Exercise description
Each line from the one holding "2 - Beşiktaş" to the last line below must be restated word for word, and no picture may be included.

Data excerpt
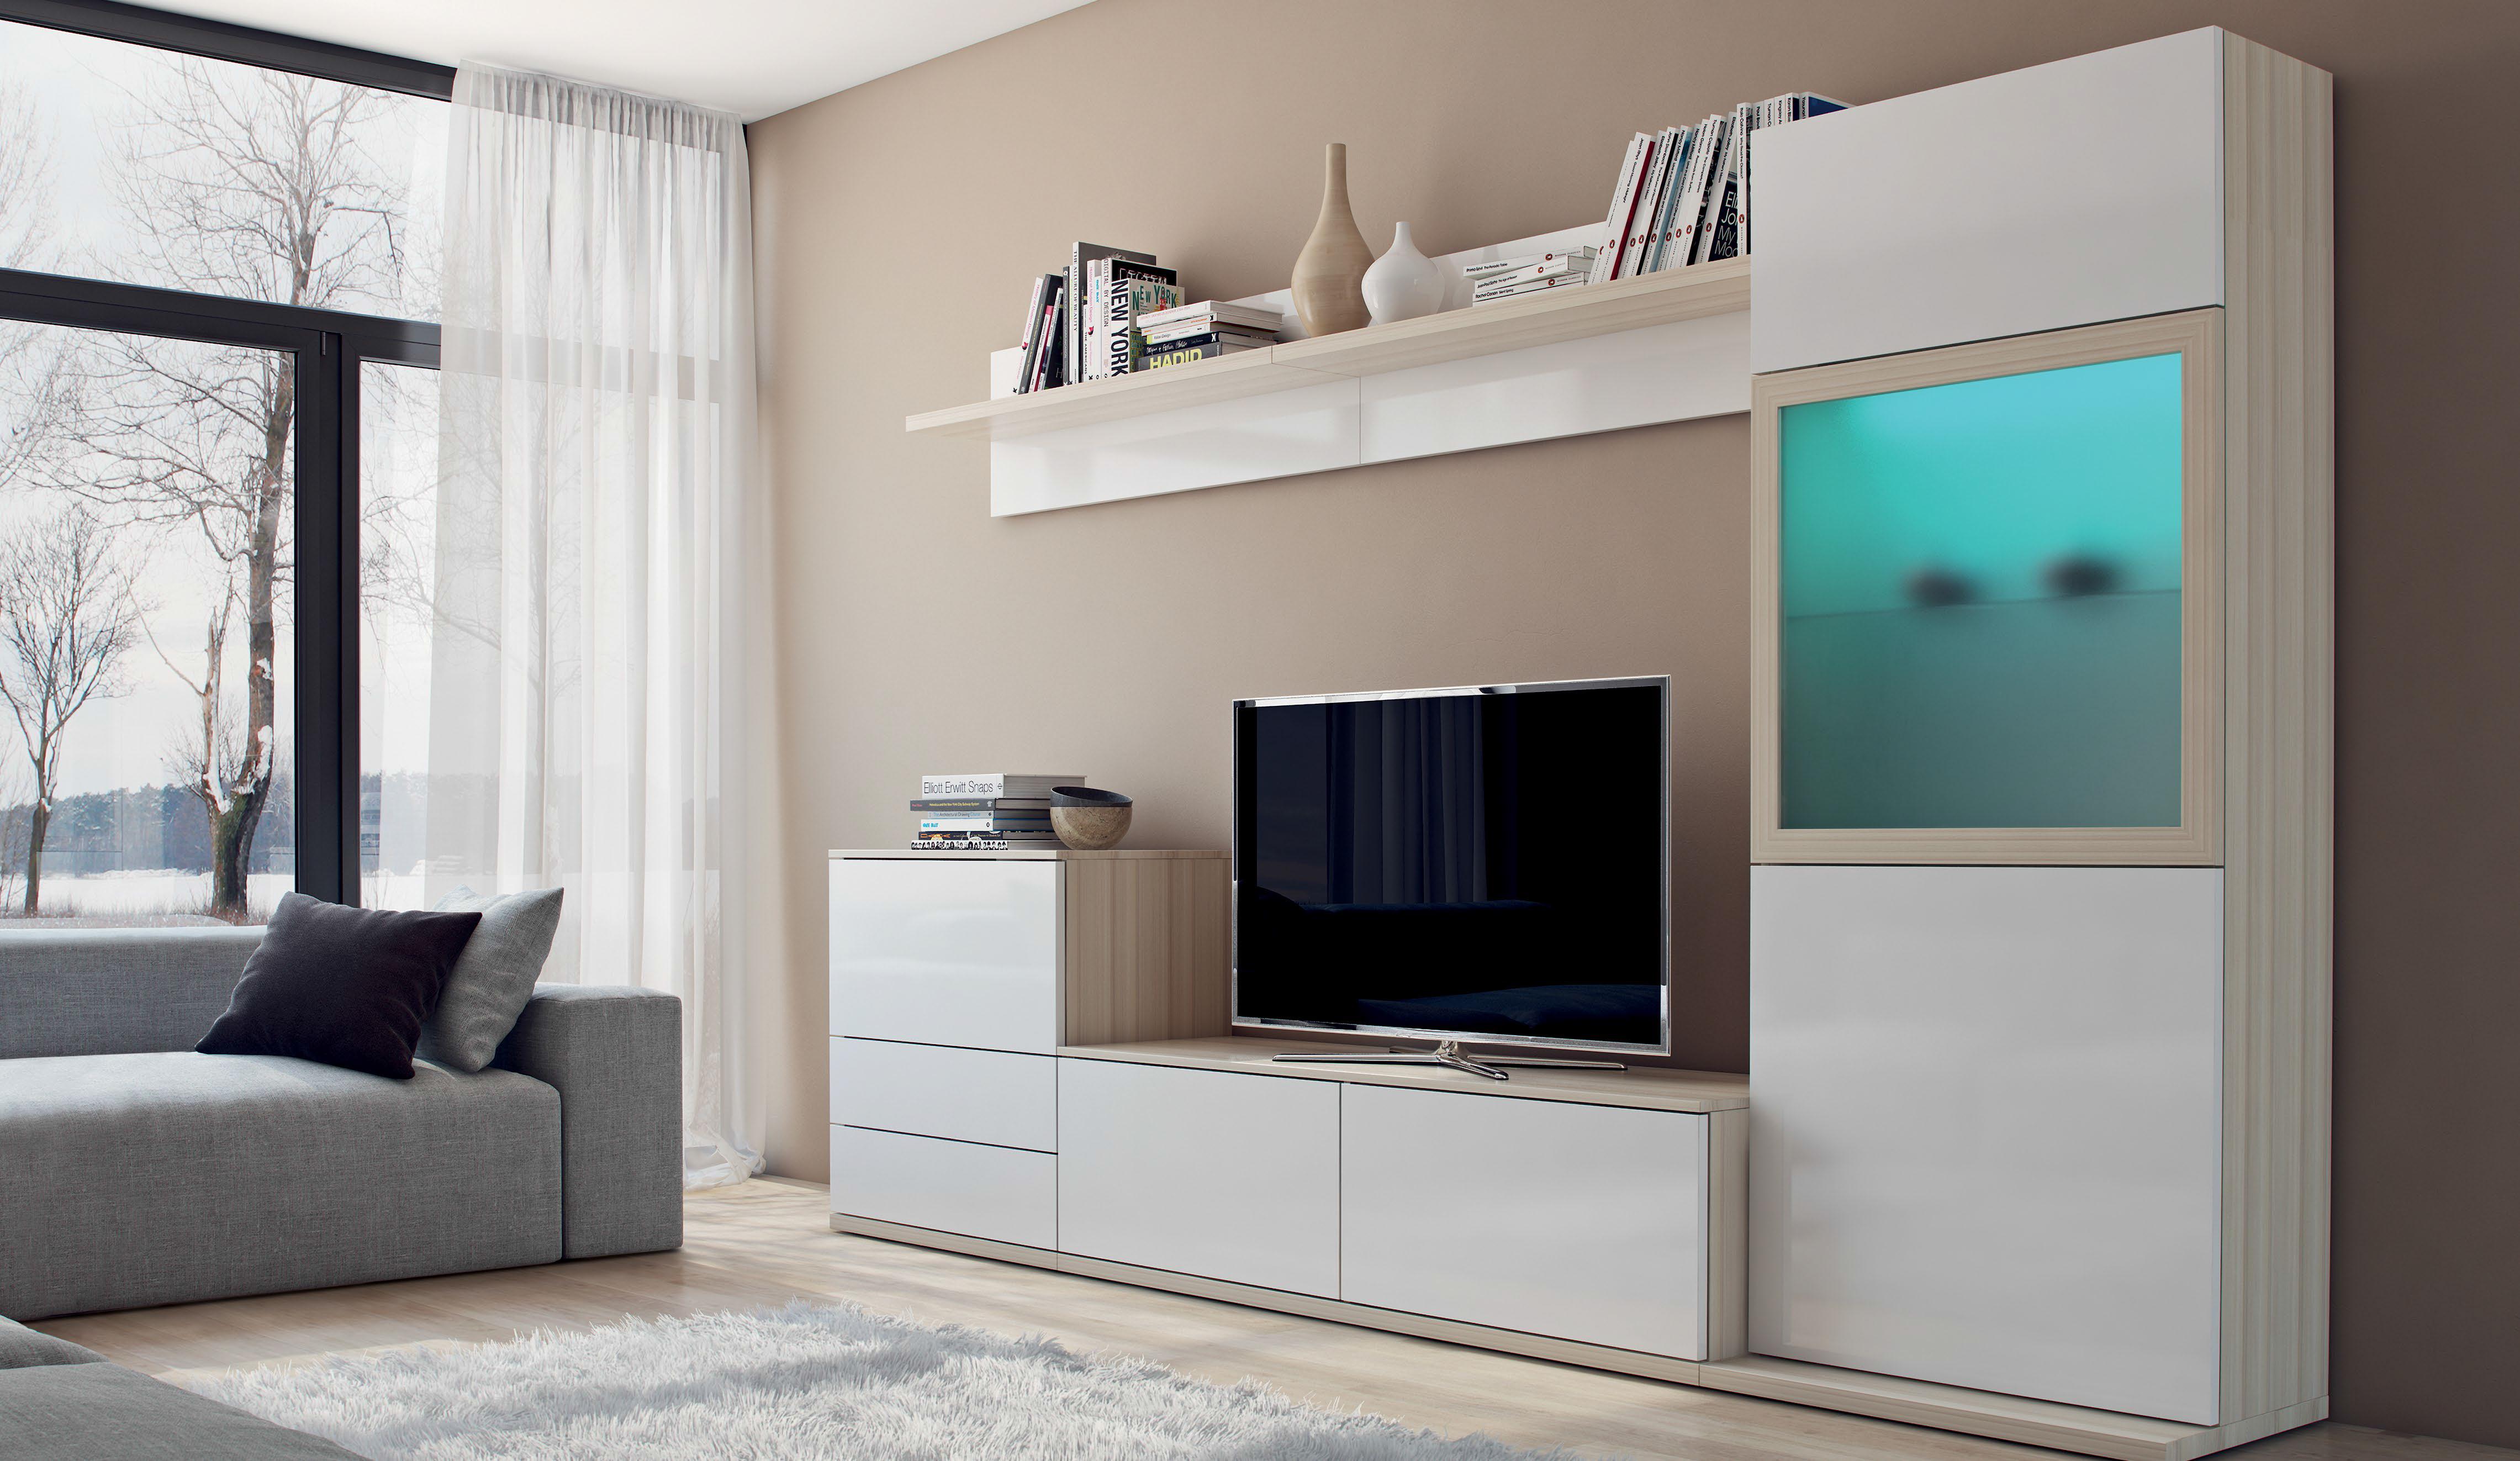 Обустройство и оформление комнаты
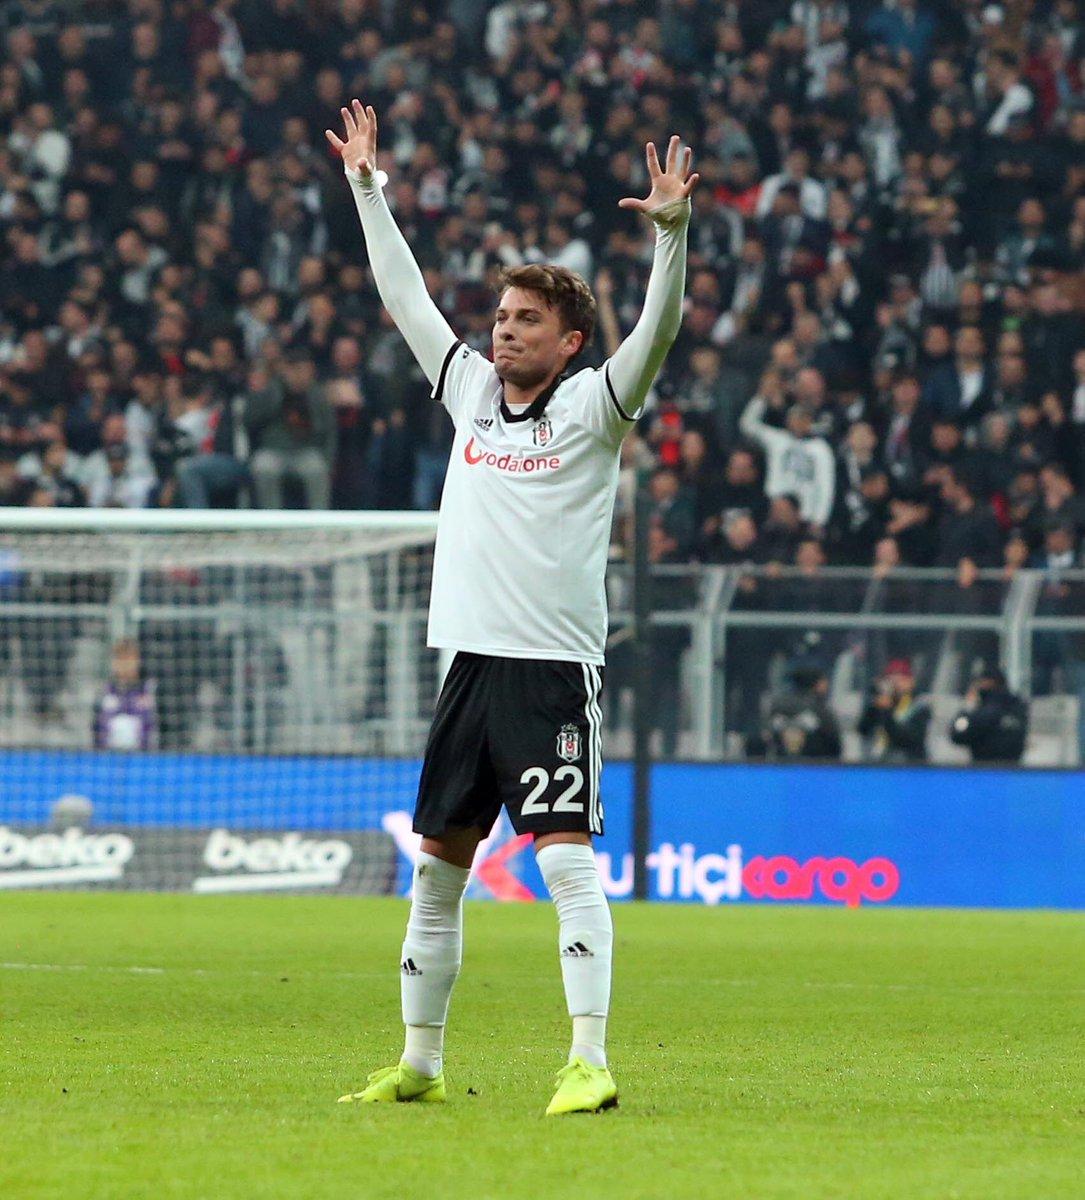 2 - Beşiktaş formasıyla çıktığı ilk altı Süper Lig maçında gol atamayan Adem Ljajic, son iki lig karşılaşmasında birer gol kaydetti. Kartal.
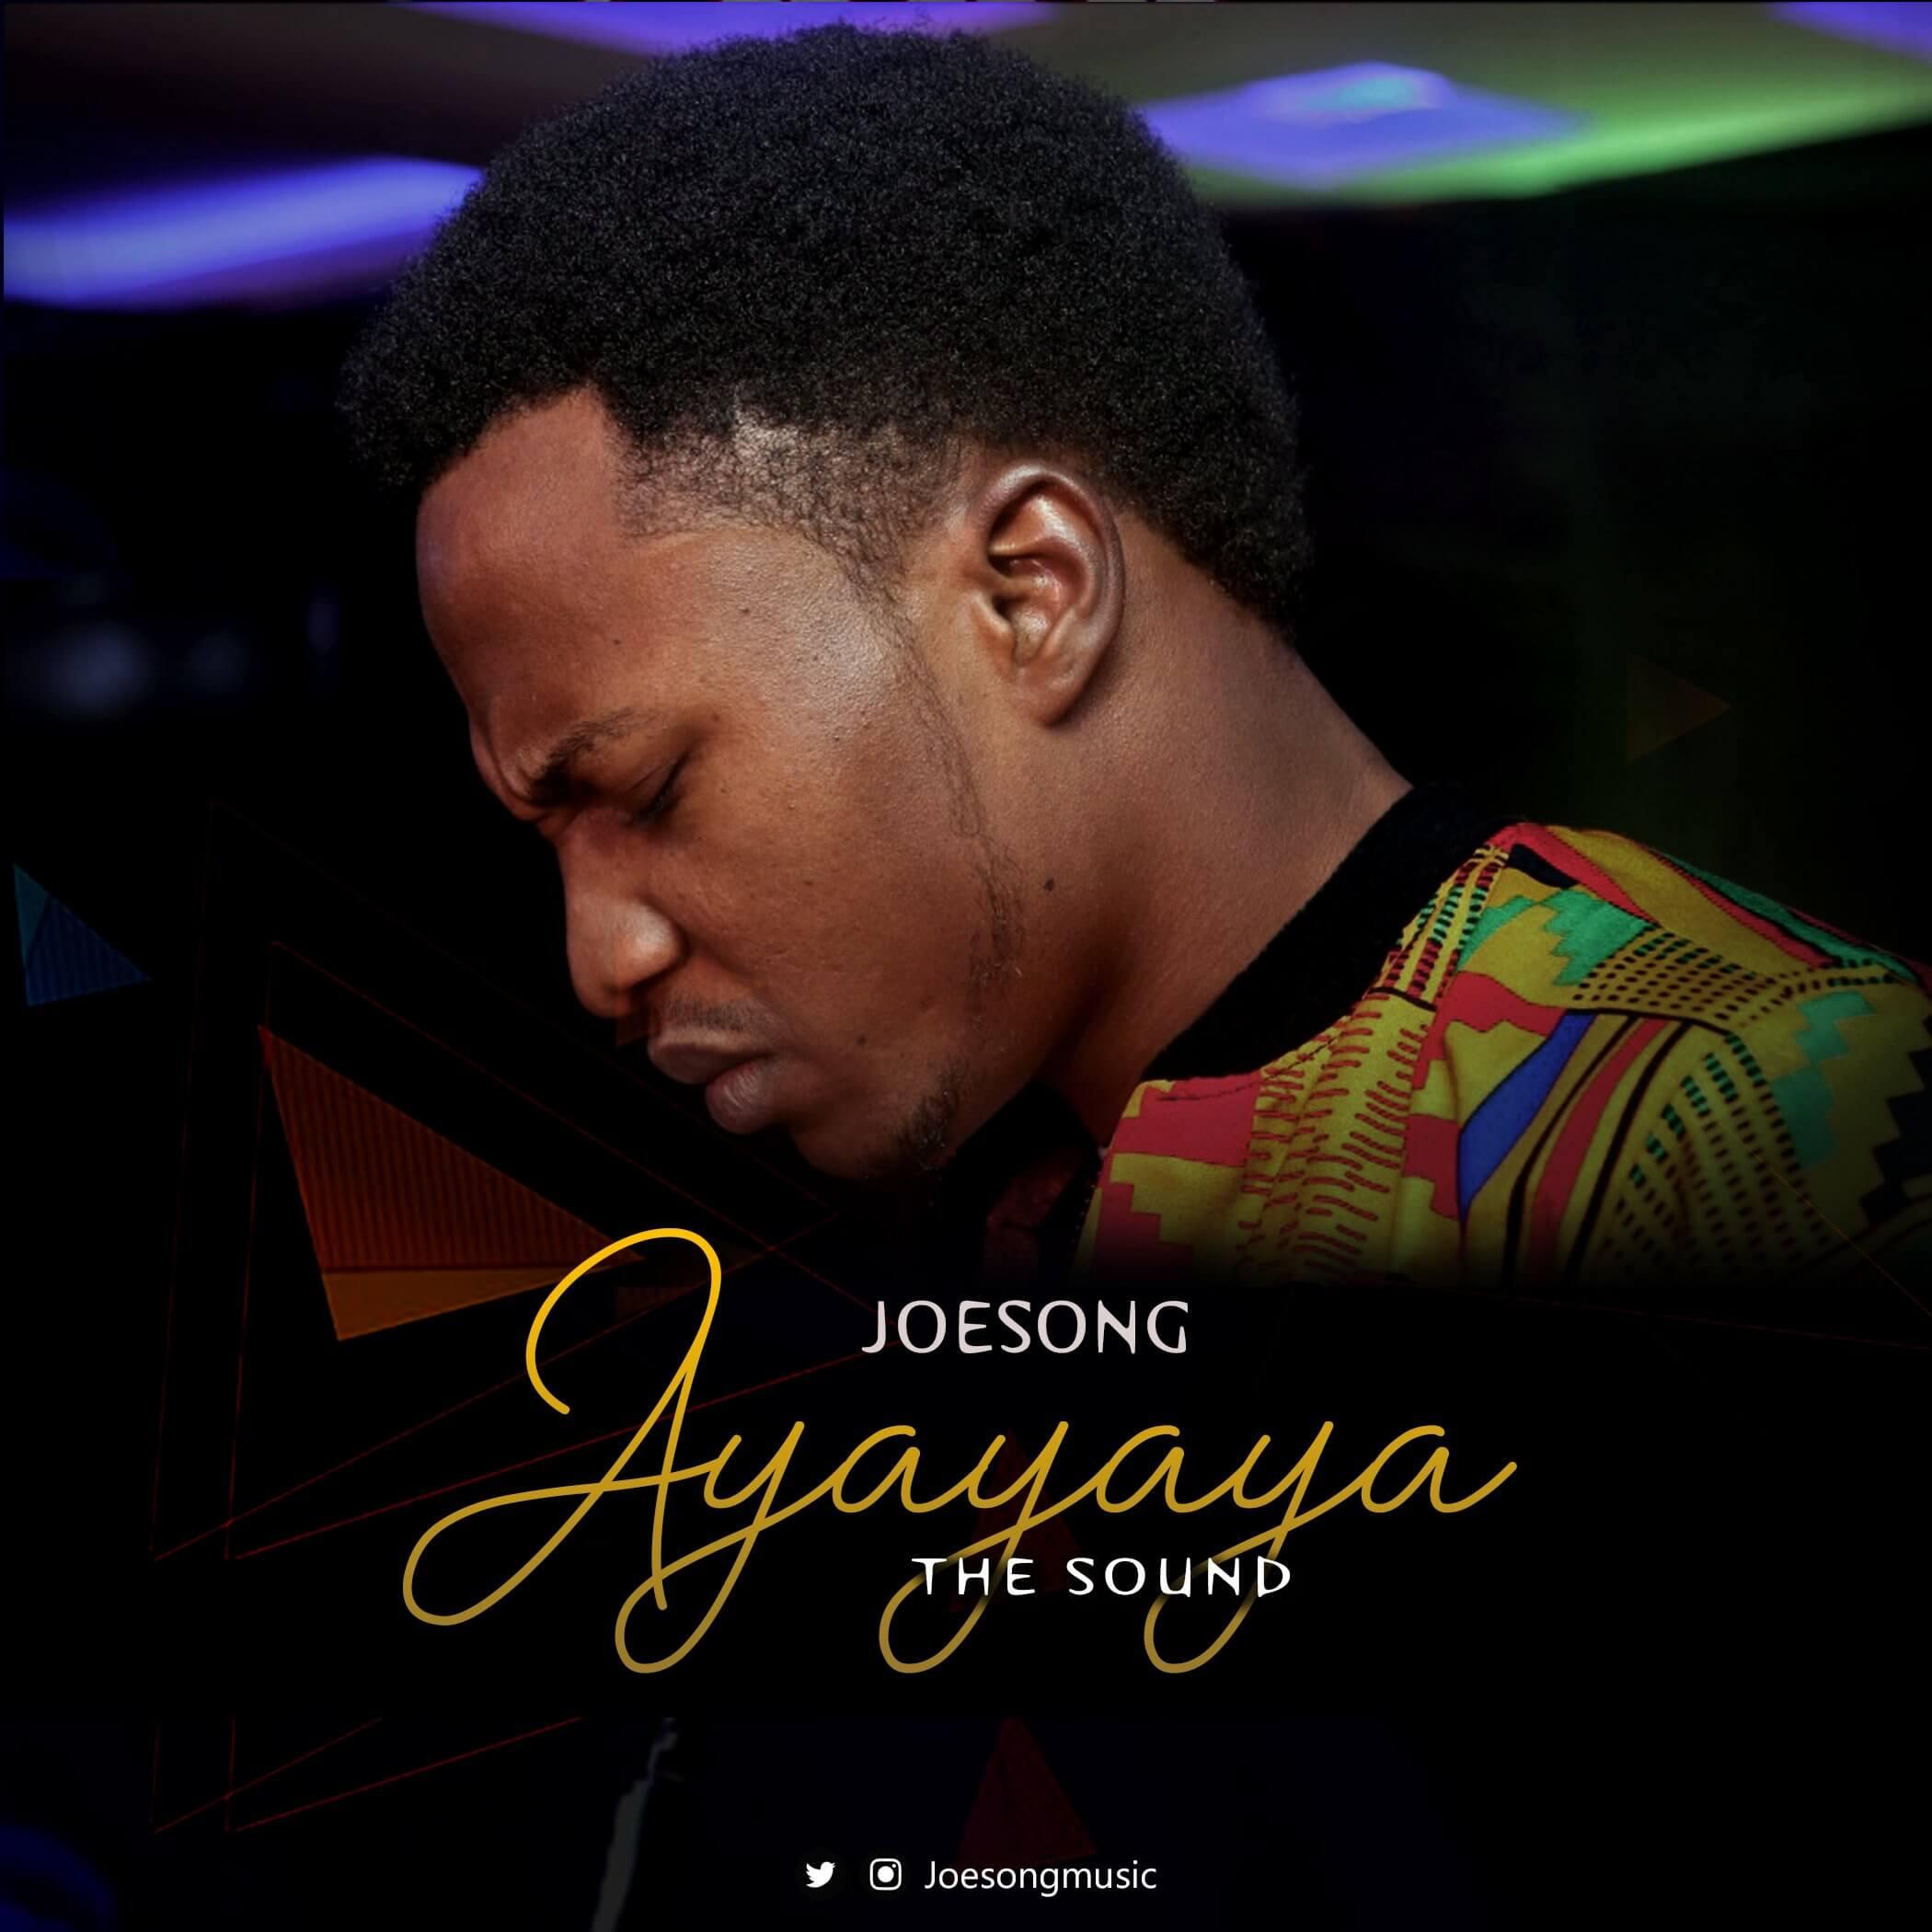 DOWNLOAD Music: Joesong – Ayayaya (The Sound)

Task answer
 2 - Beşiktaş formasıyla çıktığı ilk altı Süper Lig maçında gol atamayan Adem Ljajic, son iki lig karşılaşmasında birer gol kaydetti. Kartal.
 DOWNLOAD Music: Joesong – Ayayaya (The Sound)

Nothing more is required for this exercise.